- [Material provided]
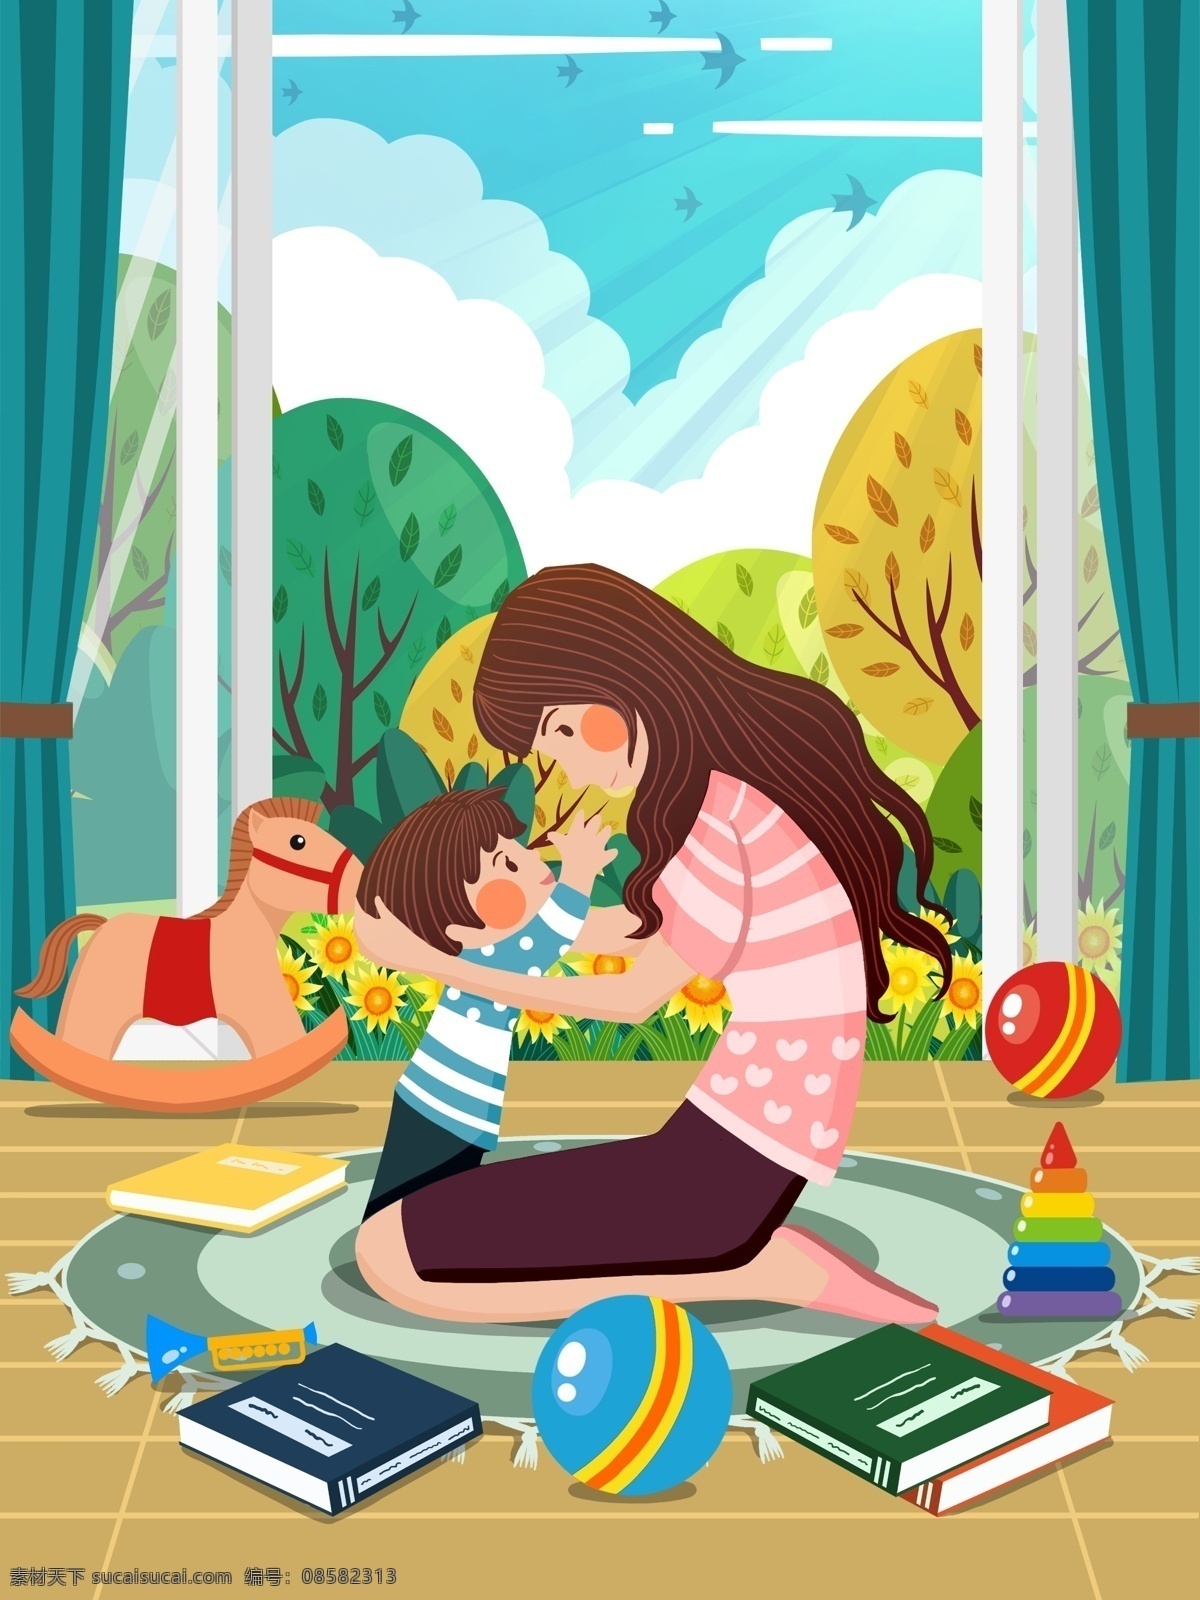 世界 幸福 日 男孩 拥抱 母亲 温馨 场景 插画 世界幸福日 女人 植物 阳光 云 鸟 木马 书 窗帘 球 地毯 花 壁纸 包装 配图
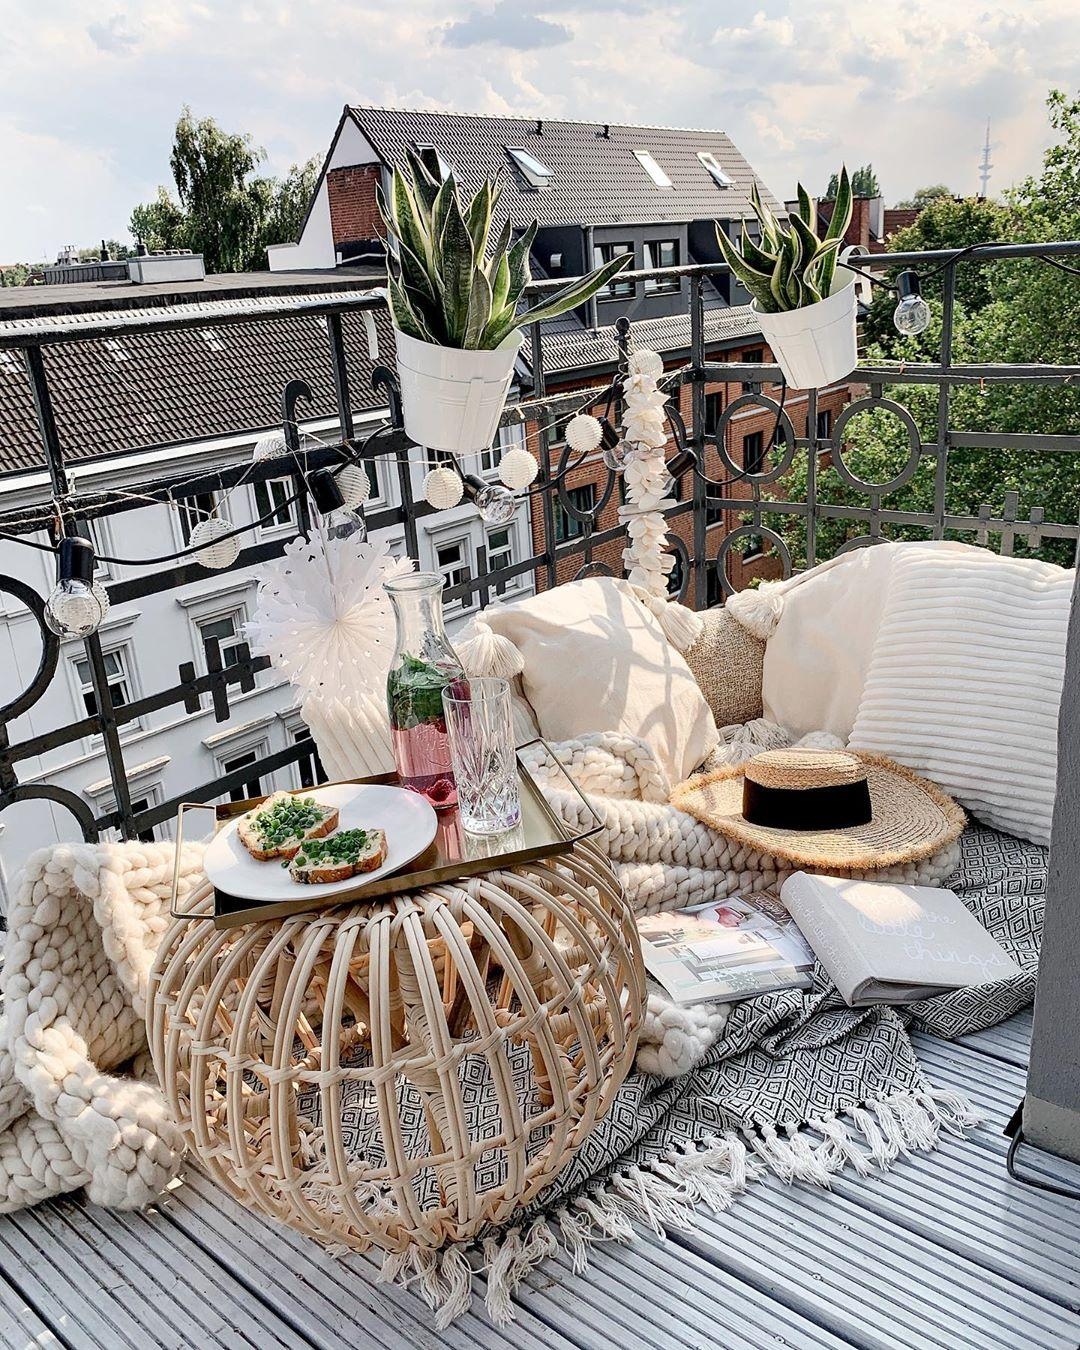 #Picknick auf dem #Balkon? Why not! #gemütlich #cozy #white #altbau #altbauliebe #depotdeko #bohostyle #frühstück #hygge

--

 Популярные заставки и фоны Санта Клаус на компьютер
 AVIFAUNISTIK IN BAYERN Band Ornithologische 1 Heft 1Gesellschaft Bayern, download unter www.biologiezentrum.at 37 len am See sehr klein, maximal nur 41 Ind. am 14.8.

- [Problem to solve] Please transcribe exactly the part of the records that opens with the line containing "世界 幸福 日 男孩 拥抱" and closes with the line containing "#Picknick auf dem", both ends included, and leave out the pictures.

- [Answer area]
 世界 幸福 日 男孩 拥抱 母亲 温馨 场景 插画 世界幸福日 女人 植物 阳光 云 鸟 木马 书 窗帘 球 地毯 花 壁纸 包装 配图
 #Picknick auf dem #Balkon? Why not! #gemütlich #cozy #white #altbau #altbauliebe #depotdeko #bohostyle #frühstück #hygge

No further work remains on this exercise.